With his curiosity piqued, he pored over books including “Gay New York” by George Chauncey and “The Gay Metropolis” by Charles Kaiser that documented New York’s forgotten gay landmarks and illuminated a lost gay subculture. So after college, when he started working as an events manager for the Municipal Art Society of New York, which sponsors Jane’s Walk, he decided to turn his hobby into a tour.

He organized the first gay bar walk in 2015, starting at the Roxy (515 W. 18th St.), a dance club in the 1990s, then heading east to the Limelight (47 W. 20th St.), a former church that was the epicenter of the ‘90s club kid universe, before heading south to the Anvil (500 W. 14th St.), an after-hours sex club from the 1970s. His first walk attracted a modest crowd of about 20, which doubled by the following spring. (The next tour is not scheduled till next May, but Ryan hopes to organize one sooner.)

To make up for his relative youth, he joined forces with Kyle Supley, 37, a fellow gay history buff and performer, to co-host the walk in 2016. Appropriately enough, they met at Mattachine, a monthly party held at Julius’ (159 W. 10th St.), considered the city’s oldest continuously operating gay bar. Supley even brought some firsthand knowledge to the enterprise, having danced at clubs like Twilo and the Tunnel in their late ‘90s heyday when he was an undergraduate at the Fashion Institute of Technology.

They also sought out experts to join the walks. This year, Lisa E. Davis, 76, an author on LGBT history, recounted stories of celebrities like Elizabeth Taylor and Judy Garland attending late night drag shows at Club 82 (82 E. 4th St.), a subterranean nightclub which operated from 1952-1973. “Straight people came because gay people were so much fun,” she said.

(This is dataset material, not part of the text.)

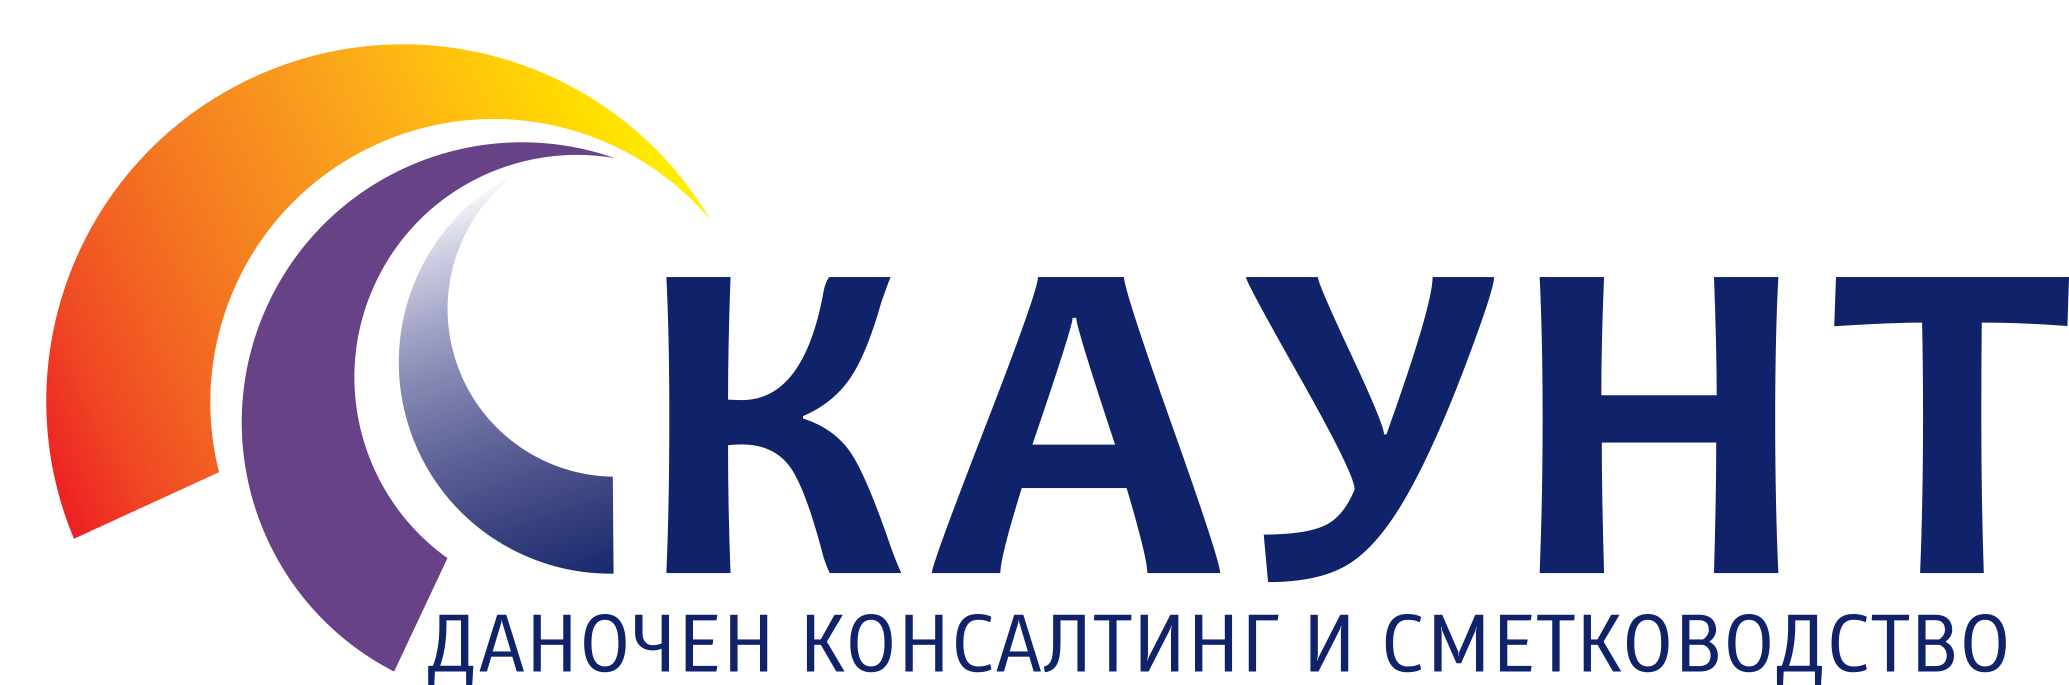 kaunt logo

The space is currently home to the Bijou, an adult movie theater. “One day I was walking by with my partner and I was telling him this used to be Club 82. I pushed on the door and it just opened and the smell was like 1974,” Supley said during the tour in May. “We walked downstairs and it’s still a porn theater.”

Other guest speakers included Gregory Young, co-host of the Bowery Boys podcast on New York history, who shared stories about the Slide (157 Bleecker St.), a so-called “fairy den” from the 1890s.

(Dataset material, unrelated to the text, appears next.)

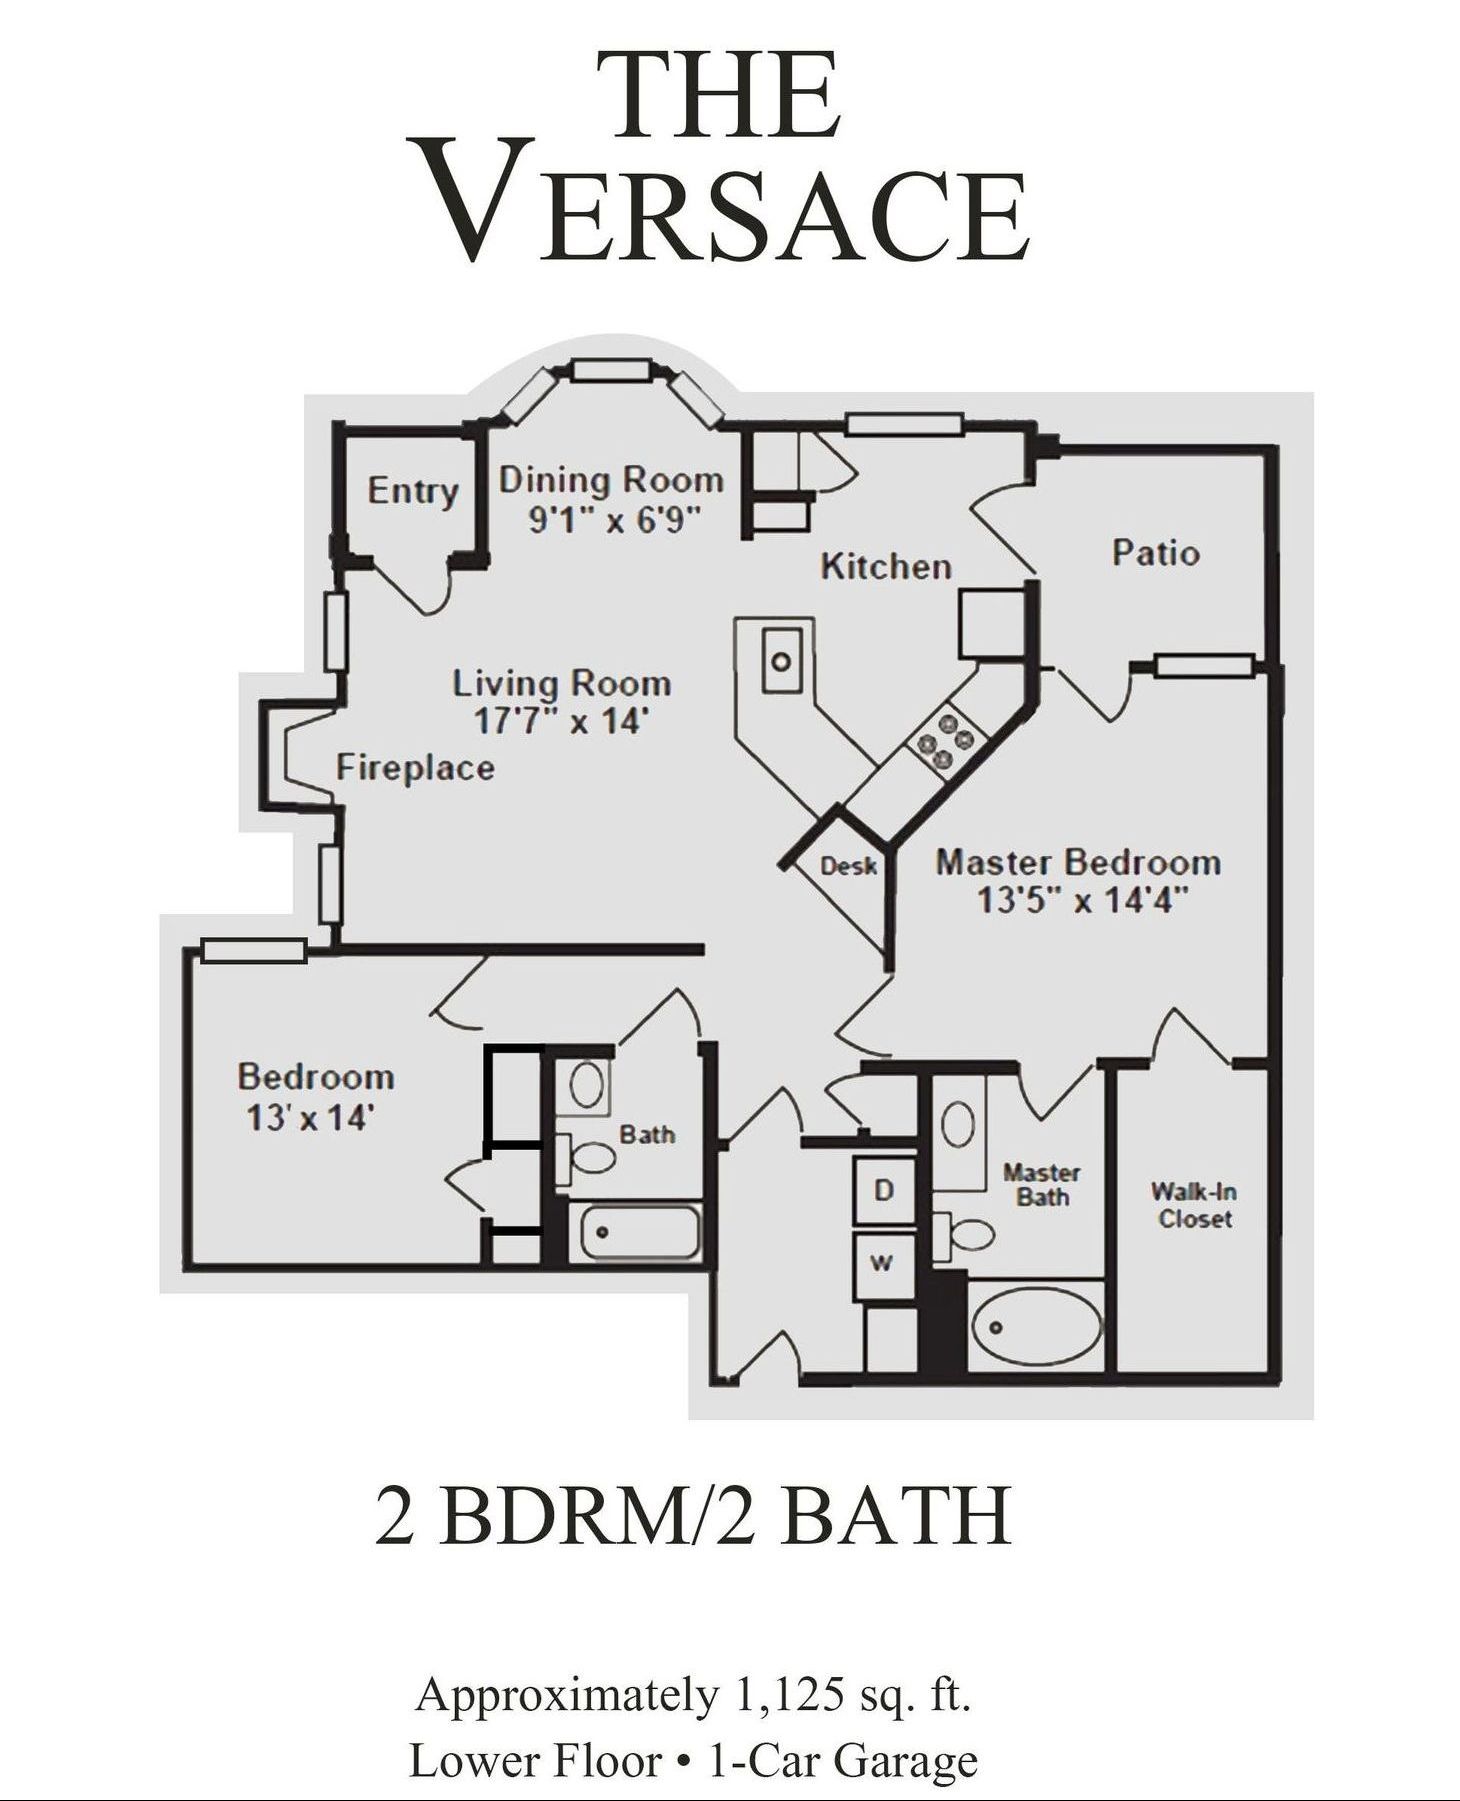 Versace floor plan drawing

Amanda Davis, a historian for the NYC LGBT Historic Sites Project, offered a history lesson in front of the former Eve Addams’ Tearoom (129 MacDougal St.), a lesbian hot spot from the mid-1920s run by a Polish-Jewish émigré named Eva Kotchever. A sign on the door, she said, once warned: “Men are admitted, but not welcome.”

Nora Burns, a downtown performer who is part of the comedy trio Unitard, recalled her hazy nights partying with drag queens at Boy Bar (15 St. Marks Pl.), a sweatbox of a club featured in the novel “The Lost Language of Cranes” by David Leavitt.

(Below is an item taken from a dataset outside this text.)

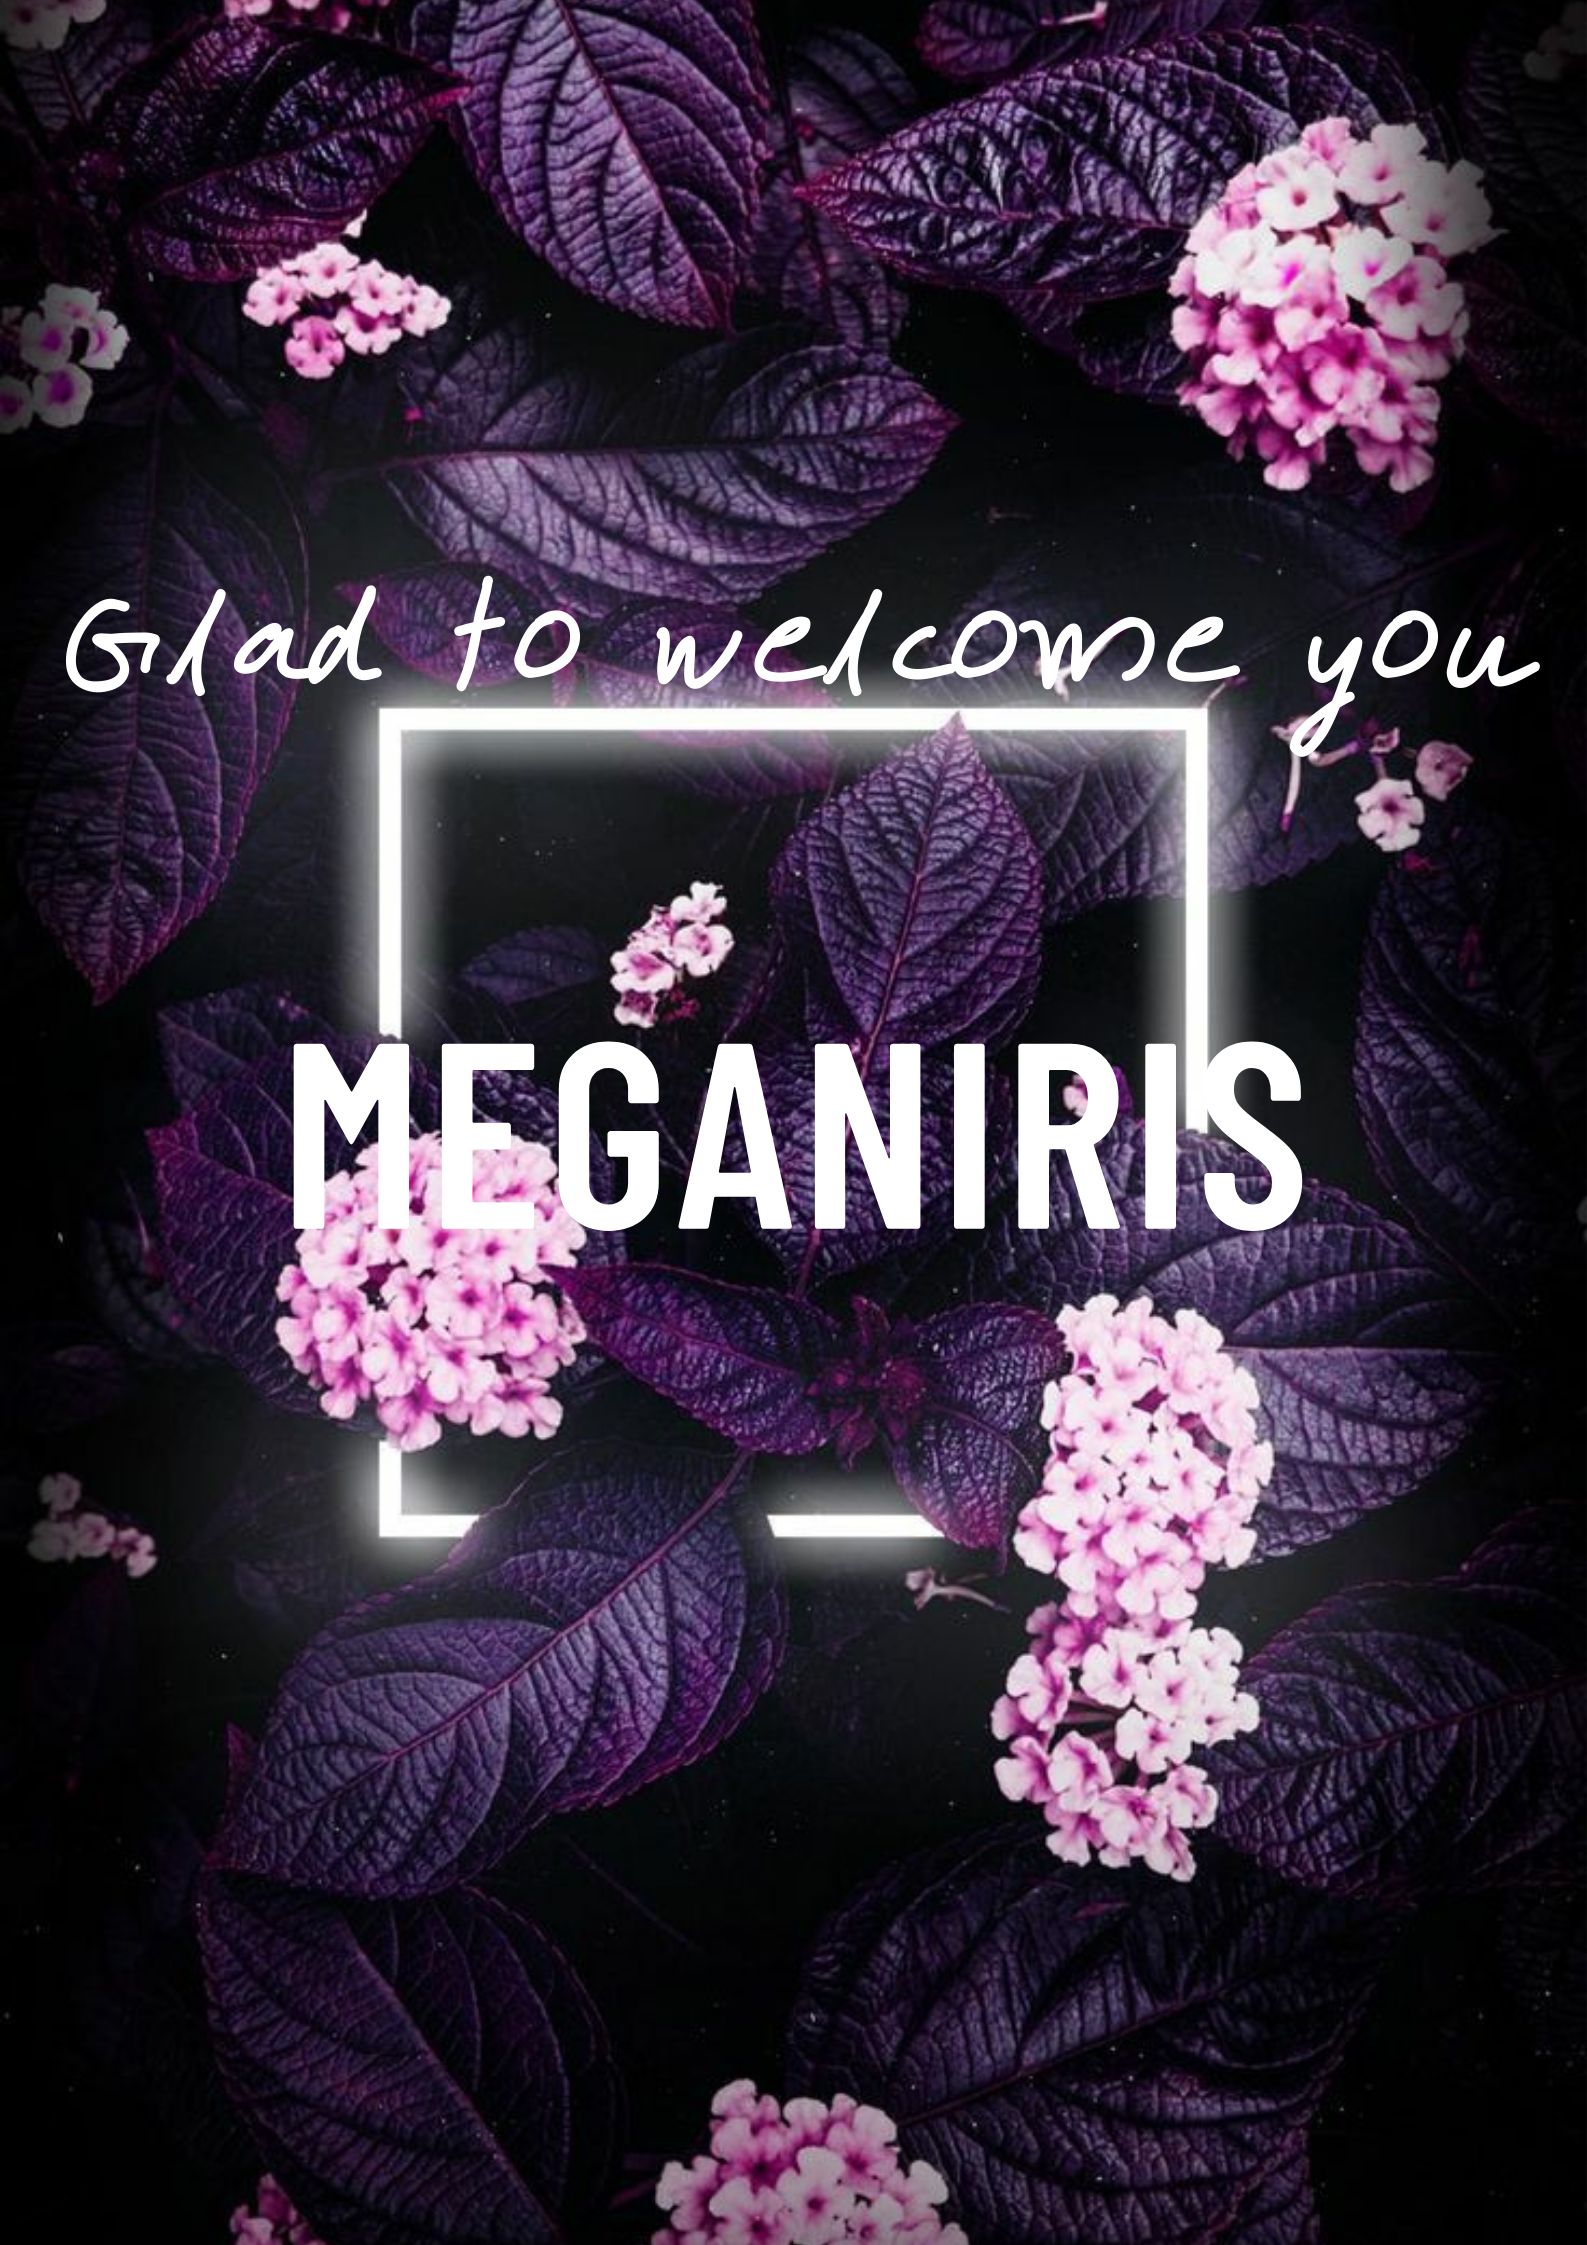 MeganIris 1 image: 1

“On a Thursday night, the shows wouldn’t get started until 1 or 2 in the morning,” said Burns, regaling a crowd gathered around a stoop on St. Marks Place. “The cover was maybe five dollars, but I don’t think anyone paid.”

“It was an amazing night and there’s not anything like that now,” she added, comically imitating a New Yorker lamenting the good old days while, at the same time, winding up for her own punch line. “You missed it!”